We integrate machine learning approaches with nonlinear time series analysis, specifically utilizing recurrence measures to classify various dynamical states emerging from time series. We implement three machine learning algorithms Logistic Regression, Random Forest, and Support Vector Machine for this study. The input features are derived from the recurrence quantification of nonlinear time series and characteristic measures of the corresponding recurrence networks. For training and testing we generate synthetic data from standard nonlinear dynamical systems and evaluate the efficiency and performance of the machine learning algorithms in classifying time series into periodic, chaotic, hyper-chaotic, or noisy categories. Additionally, we explore the significance of input features in the classification scheme and find that the features quantifying the density of recurrence points are the most relevant.
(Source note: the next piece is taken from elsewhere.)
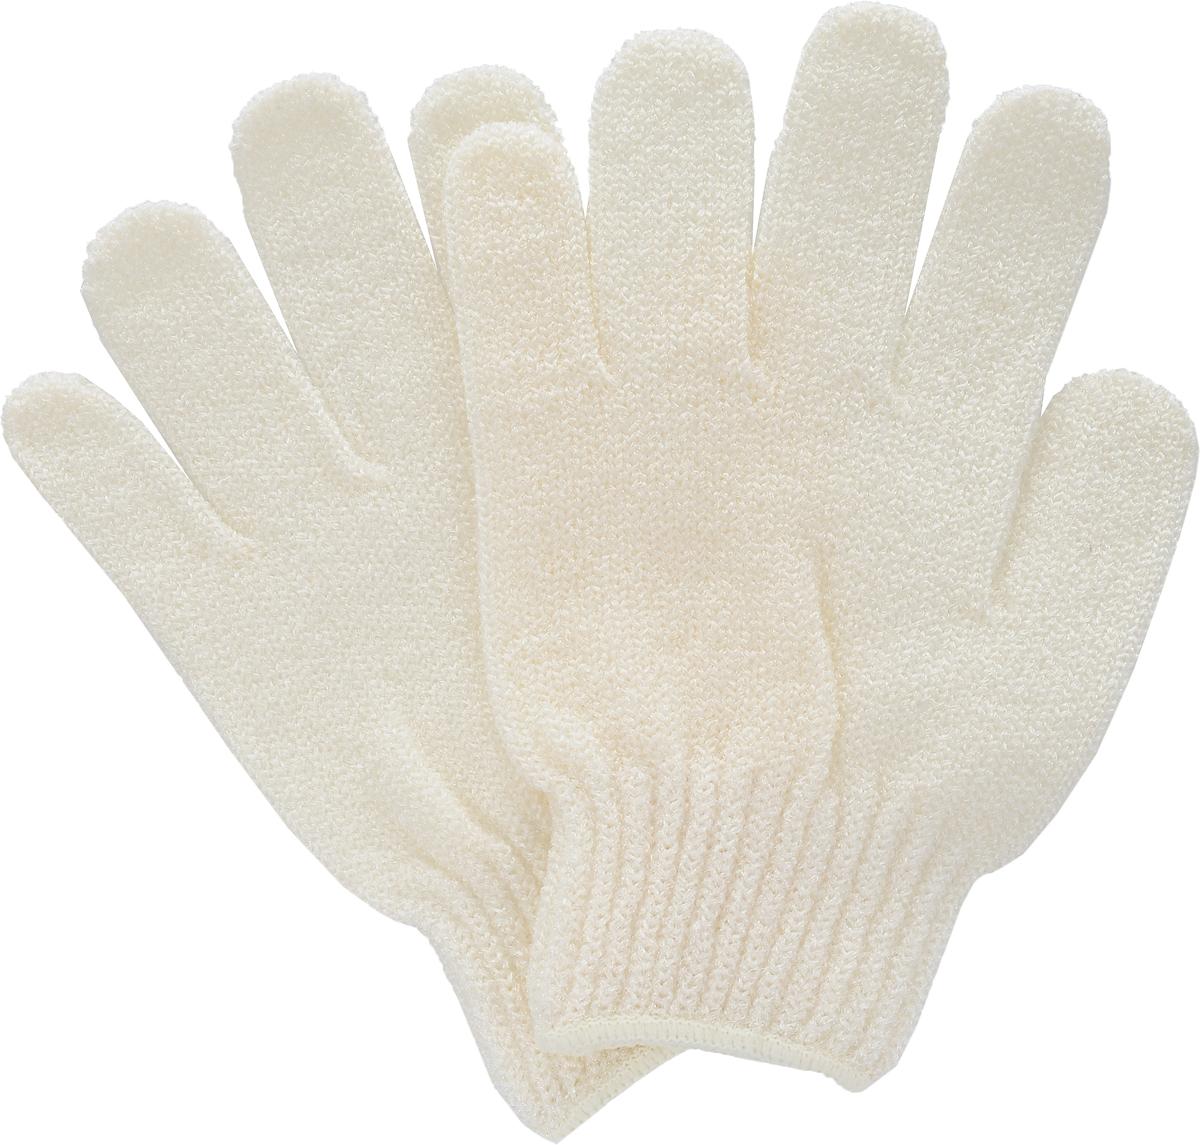 Перчатки для пилинга Riffi, цвет: молочный5010777139655Эластичные безразмерные перчатки Riffi обладают активным антицеллюлитным эффектом и отличным пилинговым действием, тонизируя, массируя и эффективно очищая вашу кожу.Перчатки Riffi освобождает кожу от отмерших клеток, стимулирует регенерацию. Эффективно предупреждают образование целлюлита и обеспечивают омолаживающий эффект. Кожа становится гладкой, упругой и лучше готовой к принятию косметических средств. Интенсивный и пощипывающий свежий массаж тела с применением перчаток Riffi стимулирует кровообращение, активирует кровоснабжение, способствует обмену веществ. В комплекте 1 пара перчаток.

Furthermore, we illustrate how the trained algorithms can successfully predict the dynamical states of two variable stars, SX Her and AC Her from the data of their light curves.

翻译：我们将机器学习方法与非线性时间序列分析相结合，具体利用递归度量对时间序列中出现的各种动力学状态进行分类。本研究实施了三种机器学习算法：逻辑回归、随机森林和支持向量机。输入特征来源于非线性时间序列的递归量化分析以及相应递归网络的特征度量。为进行训练和测试，我们生成了标准非线性动力学系统的合成数据，并评估了机器学习算法在将时间序列分类为周期、混沌、超混沌或噪声类别时的效率和性能。此外，我们探讨了输入特征在分类方案中的重要性，发现量化递归点密度的特征最为关键。进一步地，我们展示了训练后的算法如何成功根据两颗变星（SX Her和AC Her）的光变曲线数据预测其动力学状态。